Catherine Wald's books include poetry (Distant, burned-out stars, Finishing Line Press, 2011), nonfiction (The Resilient Writer: Stories of Rejection and Triumph From 23 Top Authors, Persea Books, 2005) and a translation from French of Valery Larbaud’s Childish Things (Sun & Moon Press). Her poems have been published in American Journal of Nursing, Buddhist Poetry Review, Chronogram, Exit 13, Friends Journal, Jewish Literary Journal, The New Poet, Society of Classical Poets, The 5-2 Crime Poetry Weekly and Westchester Review.

Saturday, April 25, 2015


by Joanna Schroeder

When we run out of water
we will drink tall glasses of stones
from the riverbeds.
We will brush our teeth and rinse

with only the stream of our own saliva,
the trickle of blood from our own gums.
We will wash our hair with wine,
clean our bodies with vinegar.
We will shower the azaleas with time,
all the second hands pulled
from antique watches, gathered in a pail
to pour down like our memory of rain.
We will survive on the notes
of desperate songs, the ones
we haven't heard in years,
conjuring old lovers ghosts
so parched as we are
so thirsty,
even for our own tears.

Joanna Schroeder is an ex-punk adult from Columbus, Ohio.

Friday, April 24, 2015


by Judith Terzi

Across the Atlantic
a 13-year old imitates
as best he can with a crossbow
that kills a teacher.
Anniversary of Columbine
in a Barcelona school.
Blossoms on the verge
of unlocking in Colorado:
blue violet about to spill
across the San Juans.
Across the Capitol lawn
a gyrocopter glides to a stop.
No odes aboard, only
political prose for campaign
finance reform. Oh mail me
a poem, Mr. Mailman,
make it the lyric of the month.
I know you're someone's hero,
an elegy clinging to a wing,
like migrants hanging
to la vita on a shoddy ship
across the Mediterranean.
They sold their organs to pay
pirates in coyotes' clothing.
And across the bench sits
Dzhokhar, gaze pasted
to the scribble of alphabet,
bowls of letters across a page.
If onlys dangle between blue
lines like columbines hugging
the soil before the next rain.

Judith Terzi is a Southern California poet whose recent work has appeared or is forthcoming in journals and anthologies such as Off the Coast, Raintown Review, Unsplendid, and Wide Awake: The Poets of Los Angeles and Beyond (Beyond Baroque). If You Spot Your Brother Floating By is her latest chapbook from Kattywompus Press.

Thursday, April 23, 2015


by Michelle Marie

Source: NY Daily News

nothing is fixed
not the broken boat on the water
not the broken lives fleeing the forces of war
not the broken system that dehumanizes and deports

nothing stands
between those on board and
the breaking of the waves
not the luck that never holds out
not the promises that never pan out
not the border patrol that refuses to look out

for a ship lost at sea
in waters that never deceive:

only when your image is no
longer reflected in the water
do you begin to see yourself
the way the world sees you

Michelle Marie has written for Infita7 and Bluestockings Magazine.

Wednesday, April 22, 2015


by Esther Greenleaf Murer

    Do not sink gently into fathomless grief
    at brilliancy of colors bleached to white;
    rage, rage against the dying of the coral reef.
elkhorn, staghorn, pineapple, red cauliflower, mushroom, precious red, blue, organpipe, star, brain, torch, cup, sun, bubble, cactus, column, finger, flowerpot, pillar, table, tube, stone, fire

    Before we've even plumbed the trove of life
    that shelters there, prey to manmade blight,
    we rampage, rampage, killing off the coral reef.

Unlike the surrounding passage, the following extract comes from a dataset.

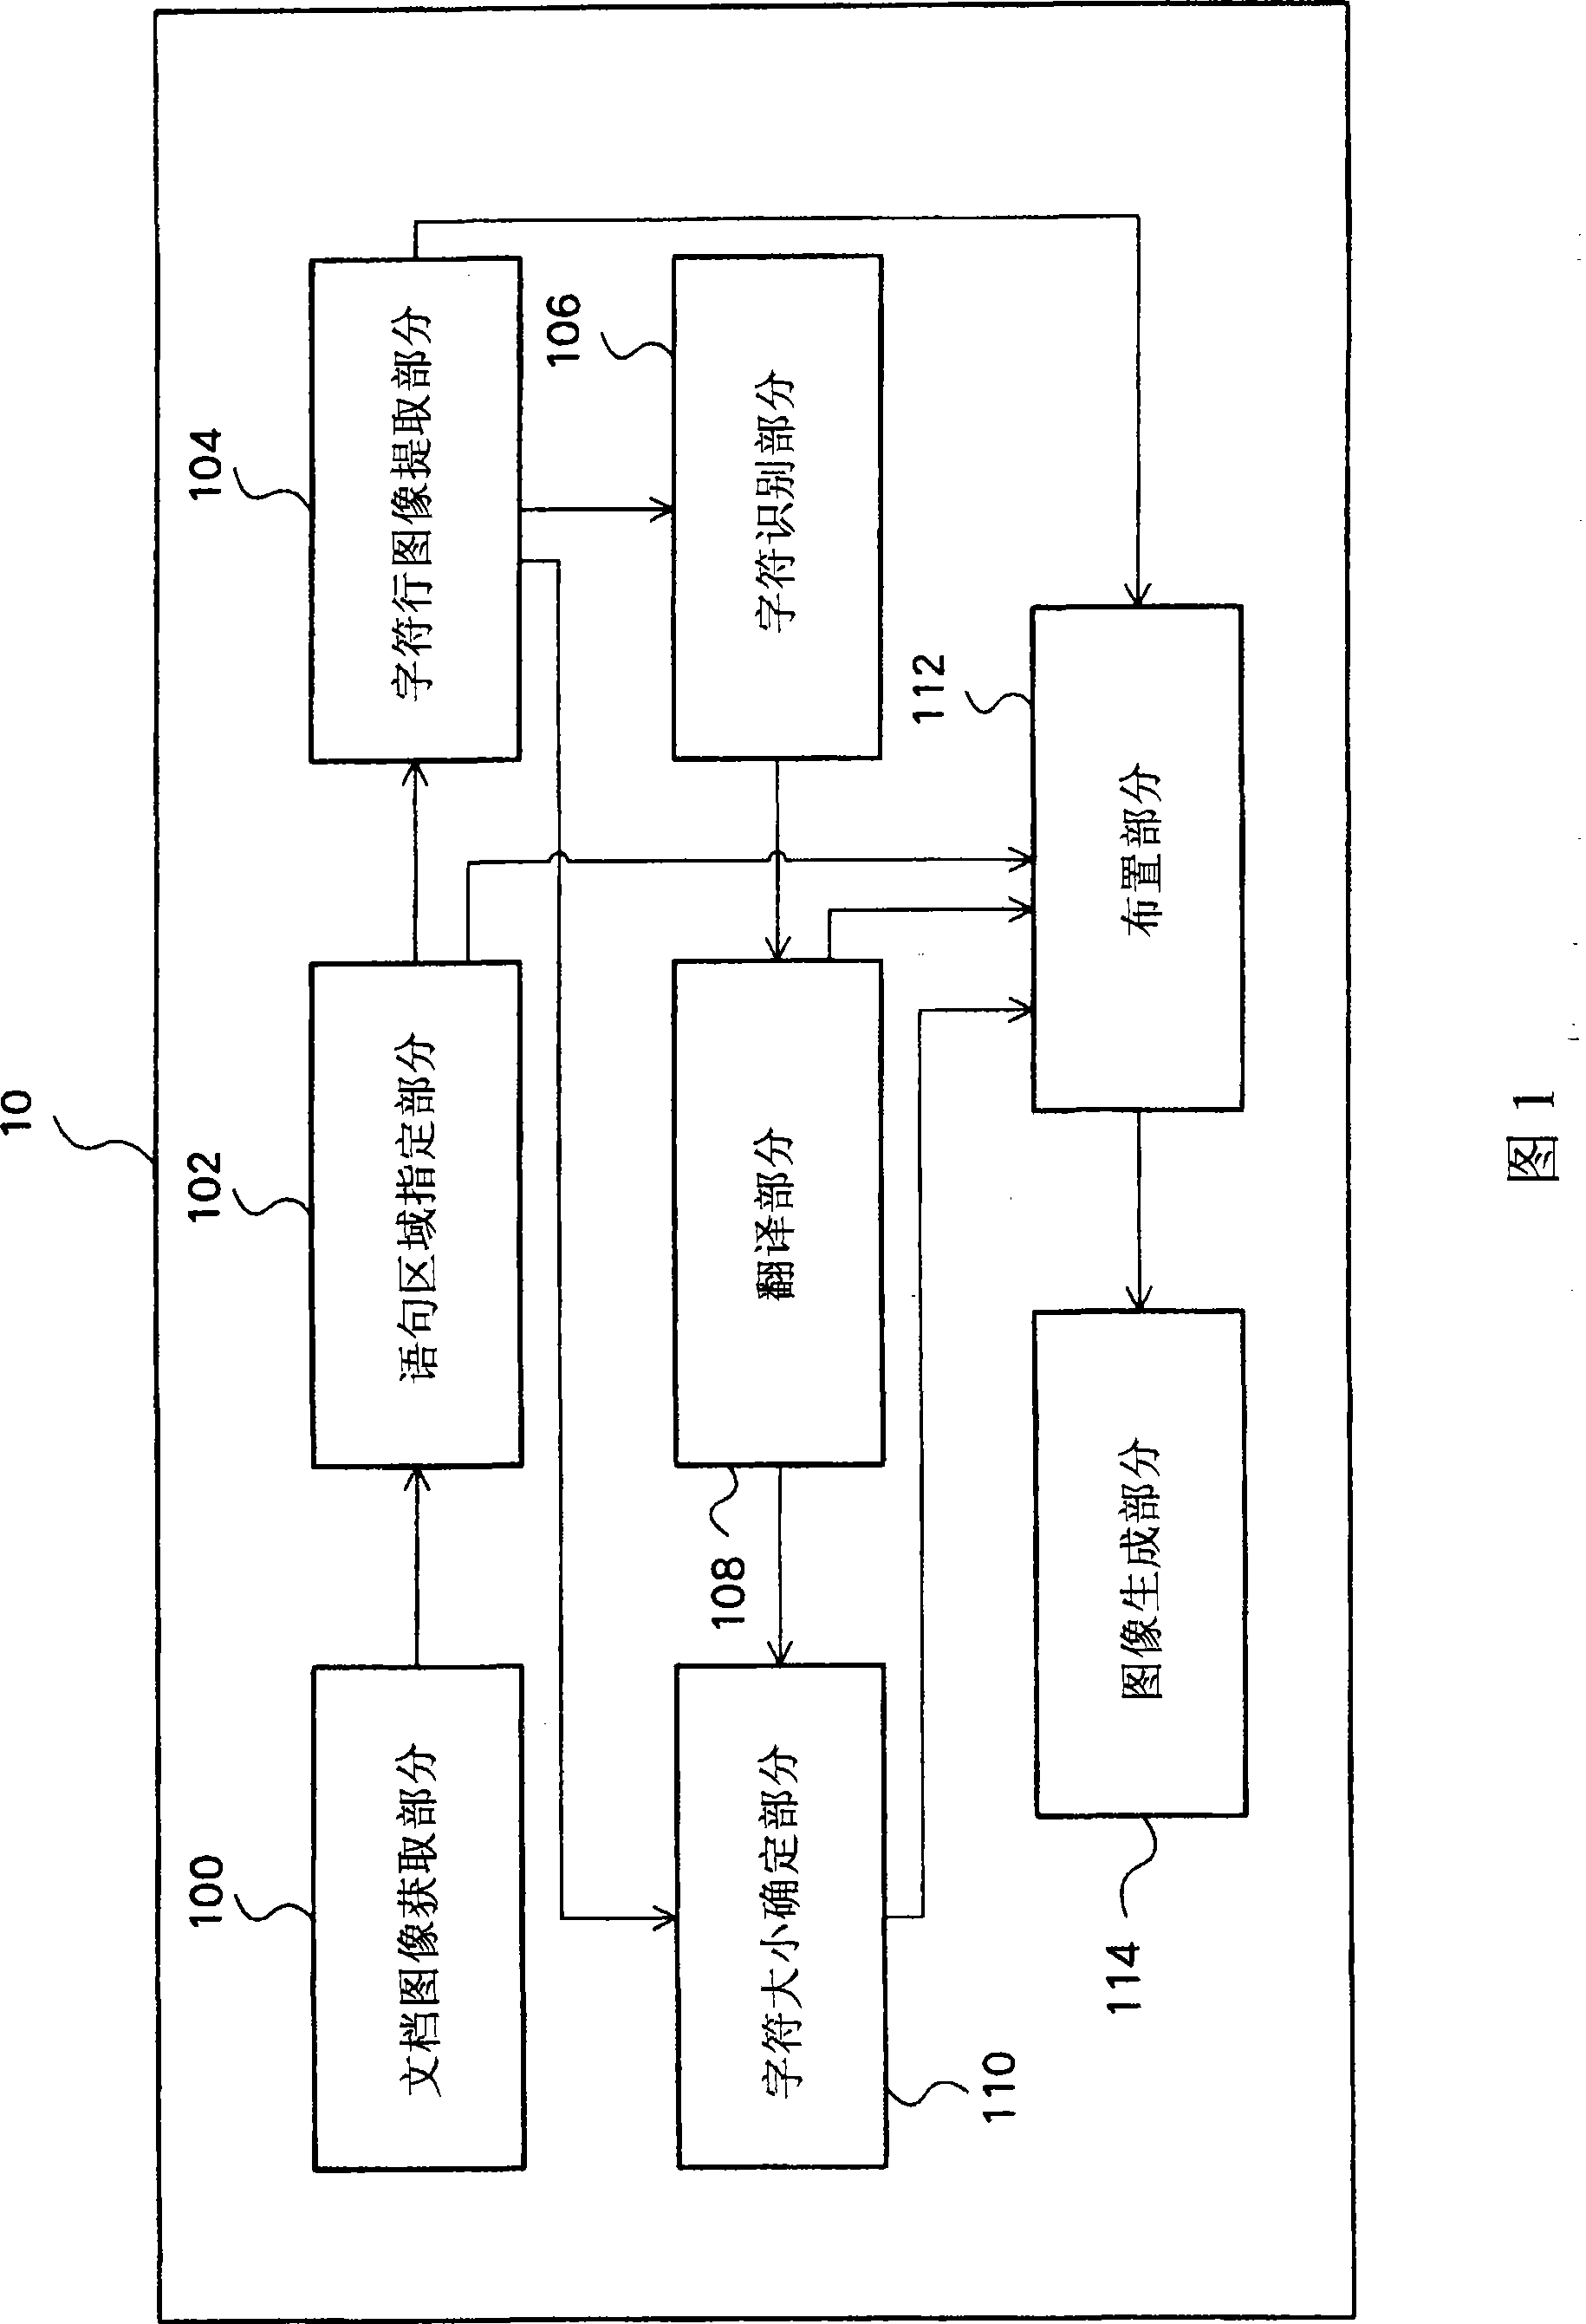 Document image processing apparatus, and information processing method

purple stovepipe sponge, striped cleaner wrasse, batwing coral crab, slipper sea cucumber, tomato clownfish, yellow nudibranch, magnificent feather duster, nurse shark, marine iguana

    At last we claim the ocean as our fief;
    ours is the absolute, God-given right
    to wage, wage war against the coral reef.

blue spotted sting ray, saddleback butterflyfish, sea whip, chambered nautilus, variable boring sponge, regal tang, purple sea urchin, olive ridley sea turtle, acropora crab, sharpnosed puffer

    When Gaia bore us, she produced a thief
    who, armed with outsize trawls and dynamite,
    would stage, stage the dying of the coral reef.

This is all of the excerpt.